Login events can help unify identity across browser, devices and sessions. In such a sense it is there can be a single user identity for all his/her interaction with your website, regardless of the device s/he used or the fact that he was logged-in or not.
Different approach can be used to handle tying back events happening prior to the login event to the user’s identity.
Cookies matching, is one such technique where if events have been previously been sent to the server they can be tied back to the resolved identity by means of a lookup for instance if we had an anonymous visitor id set up on desktop and mobile which resolved to one logged in identity, the data related to these users could be traced back from the following matching table:
Matching data could be provided to the server on login event and all other data provided using the pseudonymous visitor_id.
Event Push, using the local storage of the browser it is possible to cache browsing event on the browser until one’s identity has been resolved.

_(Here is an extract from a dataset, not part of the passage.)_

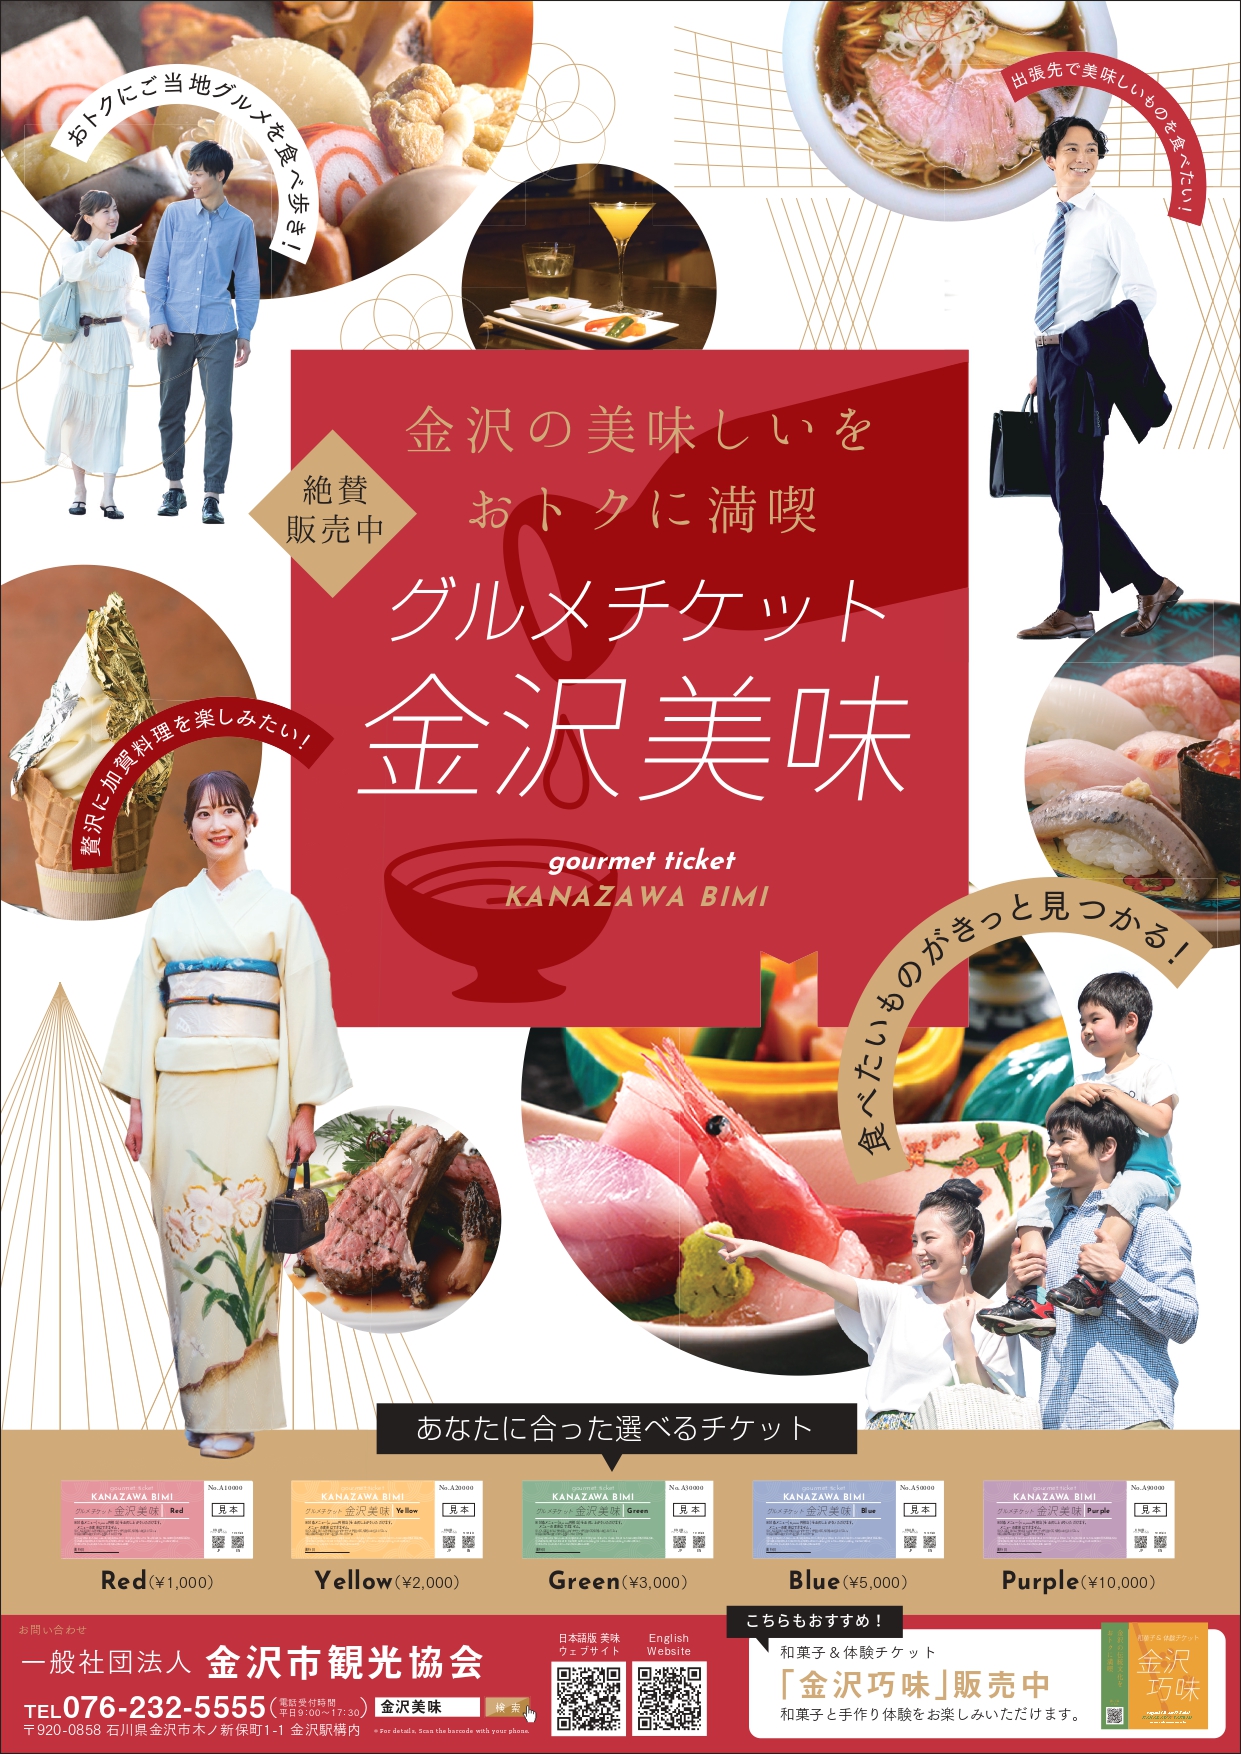 有効期限は3月末】地元民に人気の「金沢美味クーポン」が、4月より「グルメチケット金沢美味」にリニューアル。 | 金沢の観光スポット・イベント案内「金沢 日和」

The above picture explains how the behavior would work. If a given visitor identified with visitor id 2020, visited the website on 4 occasions. On the first and second sessions that the user would show up on the website, the data would start to get accumulated in the browser storage with no data being pushed to the server. On the third session, until the login event happens the data would continue to be accumulated within the browser but once the login event happened and the user’s identity has been resolved to userid: 123, the data is sent to the server and the event data within the browser storage. On the fourth session, since the identity has been previously resolved the event data can directly be sent to the server.
At the heart of this data collection effort is the customer profile, a repository of data at user level that contains all the relevant attributes and event history of a customer. This information can be retrieve when a user logs in to personalize his/her experience in a consistent way across devices.
The data in the customer profile, can then be used to fulfill different personalization use case. Retrieving historical data stored in the customer profile for display, retrieving different scores previously computed, or retrieving features needed to feed a recommendation model.
Amazon uses different types of personalization on their website for instance, beside the previously mentioned user-item content block , they also rely on more straightforward personalization mechanism such as such retrieving your browsing history or past purchases.
In the above example, data is extracted from a customer profile to feed a recommendation model. Historical data can be used to provide deeper and more relevant recommendation to the users.
Certain identifiers can be used to match identities across channels. Within omni-channel setup the golden record “360 Customer profile” serves as a holistic view of the customer across all interaction touch point.
Data from marketing and CRM automation software can easily be tied back at customer level using email as a matching key. Tracking identifiers can further be used in these emails to match data from the marketing automation software with website data, potentially offering session matching identifier between the two systems.
Interaction with customer service typically happen in one of three flavor: calls, emails and chat. These interaction points’ data, can integrated using any user or order level identifier. Matching can be done at the time of processing the customer’s request doing a lookup in the system for any provided identifier. When using onsite chat widgets and forum support it is further possible to tie customer contact and requests directly to a session identifier.
For point of sales, loyalty cards and programs allows to have a link from sales to a unique customers, regardless of payment method. Data points such as email address, phone number and/or name & address can be used as identifiers to merge customer data points into a unique profile. In case of card payment, card fingerprints can be used as an additional identifier for matching purposes. These identifiers can be used to merge the available basket purchase data with online data.